Neither law enforcement nor the law-abiding citizen should be bound by an ironclad 21-foot rule. The facts from the Court of Appeals case in Buchanan saw that two officers, combining their firepower, still required 37 feet to stop a potentially deadly threat. A 21-foot rule could have led to the serious injury or even death of one or both officers.
The reactive gap principle needs to be properly trained and discussed in the context of facts and laws to appropriately capture the threat a victim faces in each specific instance. Concealed carriers need to continue to be taught the importance of movement and cover along with target identification and isolation. These are all concepts that any decent self-defense class with a firearm should be covering in addition to local laws.
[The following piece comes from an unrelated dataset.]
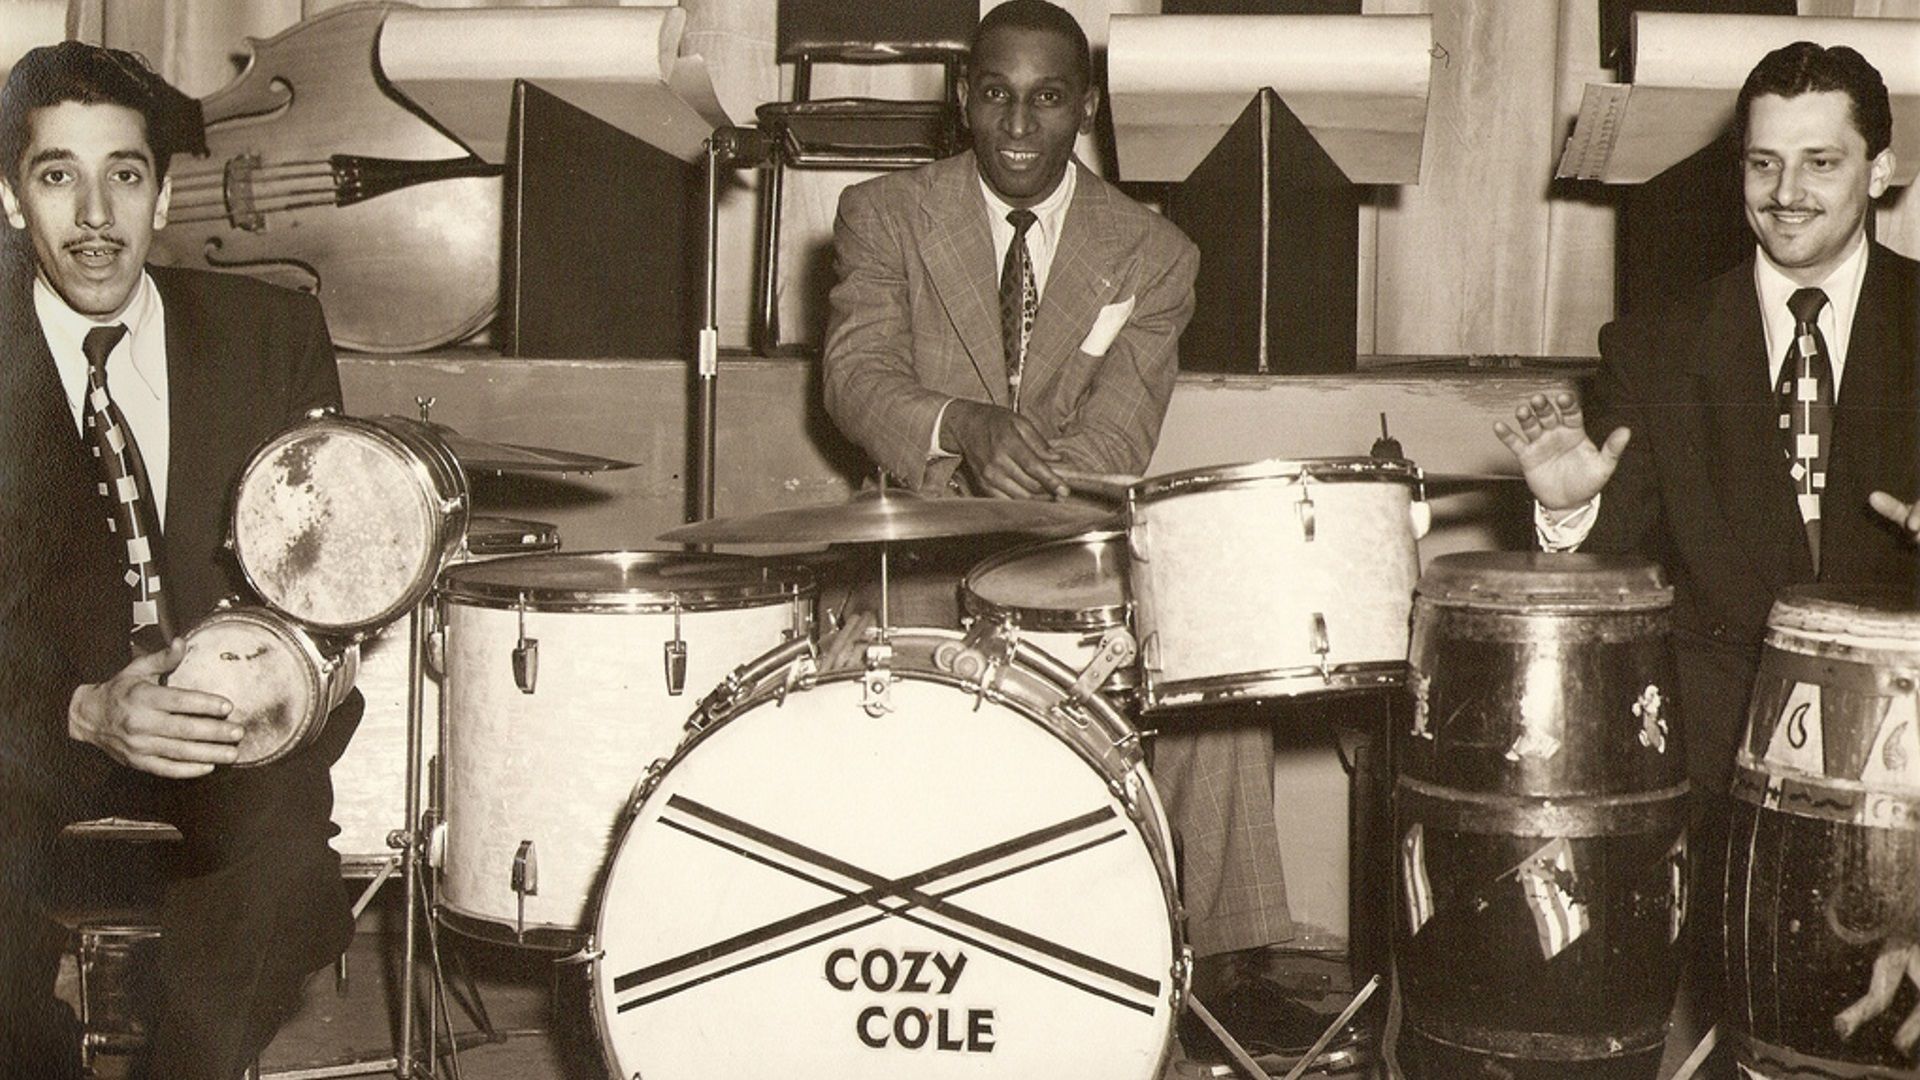 Le batteur Cozy Cole nous quittait il y a 40 ans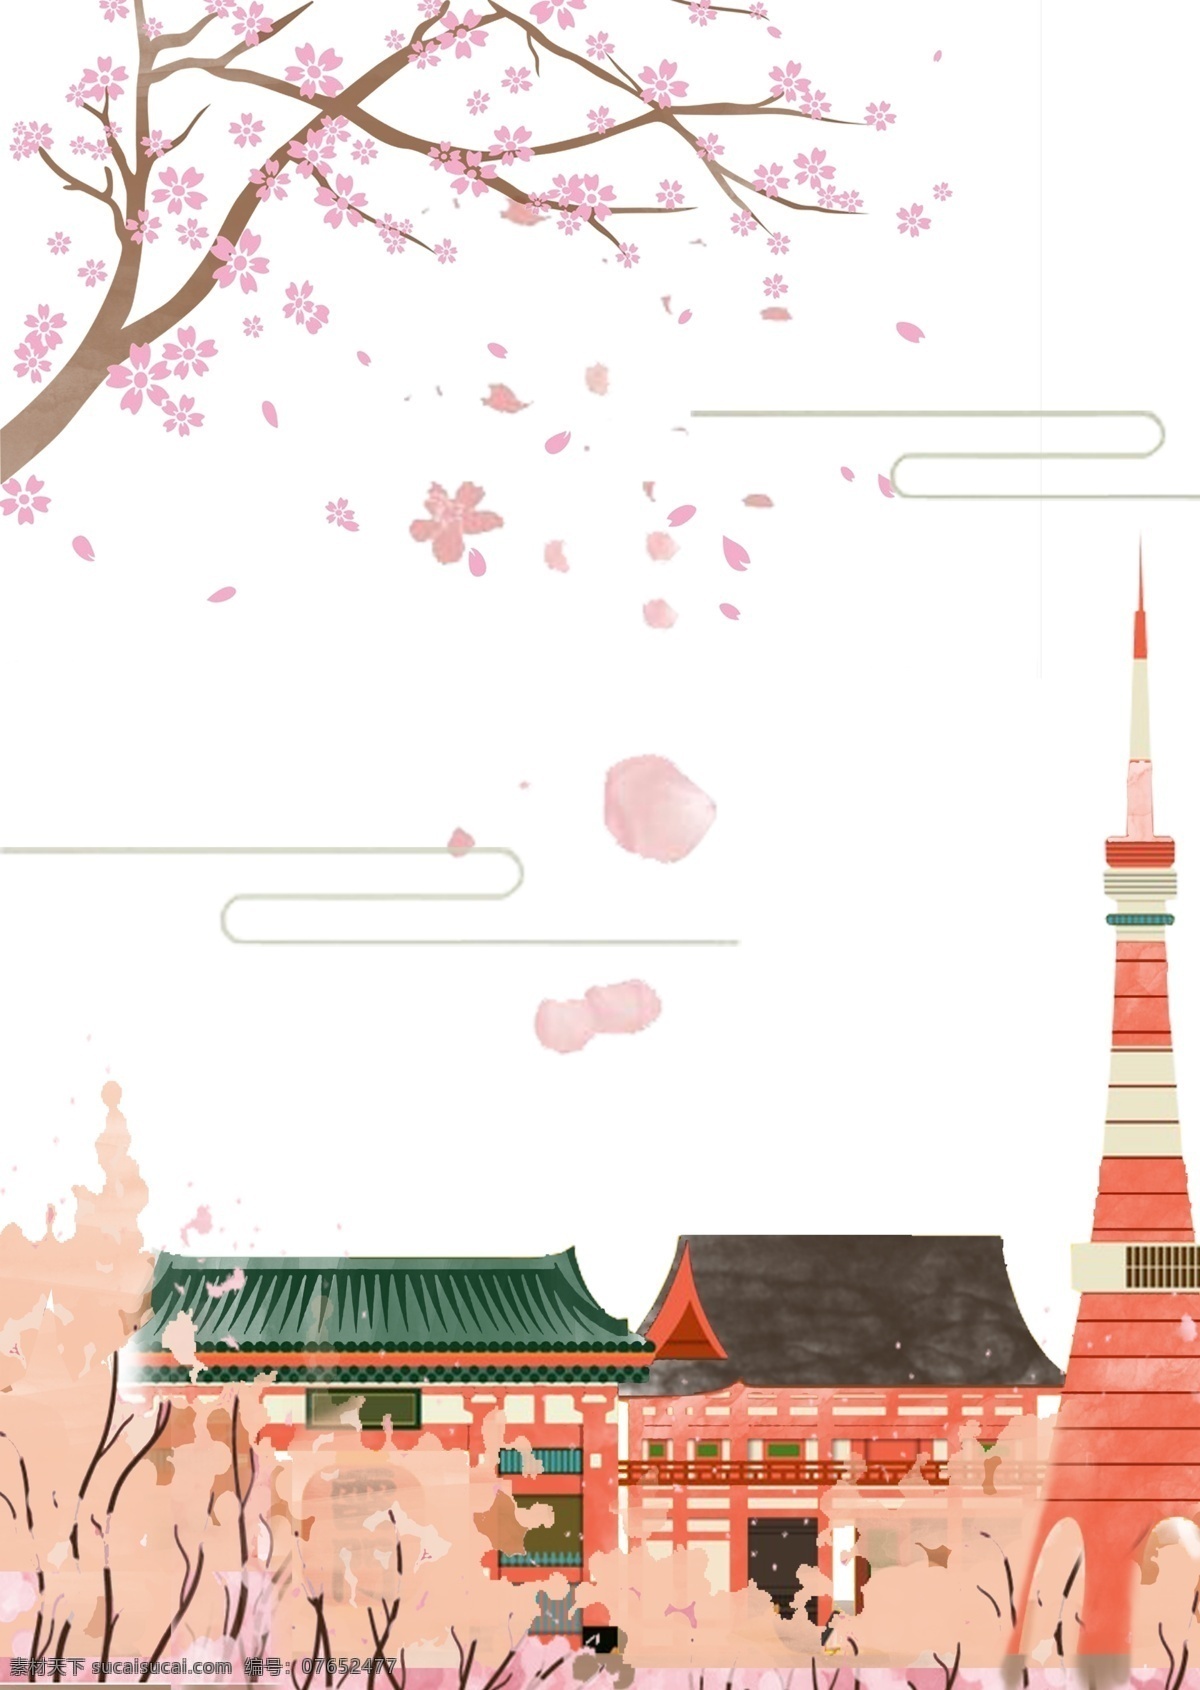 日式和风背景 中国风 樱花 樱花季 樱花节 唯美 浪漫 花朵 枝叶 树枝 治愈 清新 粉色 日式 和风 手绘 淘宝 天猫 旅游 日本游

But everyone who is involved in self-defense training, classes or literature — and that includes all of you reading these words — needs to be conscious of how word choice, even if just a nickname or phrase, can boomerang back through time with profound consequences.
1 Urey W. Patrick, Handgun Wounding Factors and Effectiveness (Quantico, VA: U.S. Department of Justice, Federal Bureau of Investigation, FBI Academy, Firearms Training Unit, July 14, 1989), Archive.org/details/fbi-handgun-wounding-factors-and-effectiveness/mode/2up.
2 Frank Borelli, “Twenty-One Feet Is Way Too Close,” Law Enforcement Trainer 16, no. 4 (July/August 2001): 12-15.
3 William Murphy, “Shooting Straight in the Dark,” POLICE Magazine (June 2, 2009), PoliceMag.com/340154/shootingstraight-in-the-dark.
4 E. Webb, J.P. Wyatt, J. Henry and A. Busuttil, “A Comparison of Fatal With Nonfatal Knife Injuries in Edinburgh,” Forensic Science International 99 (1999): 179-187.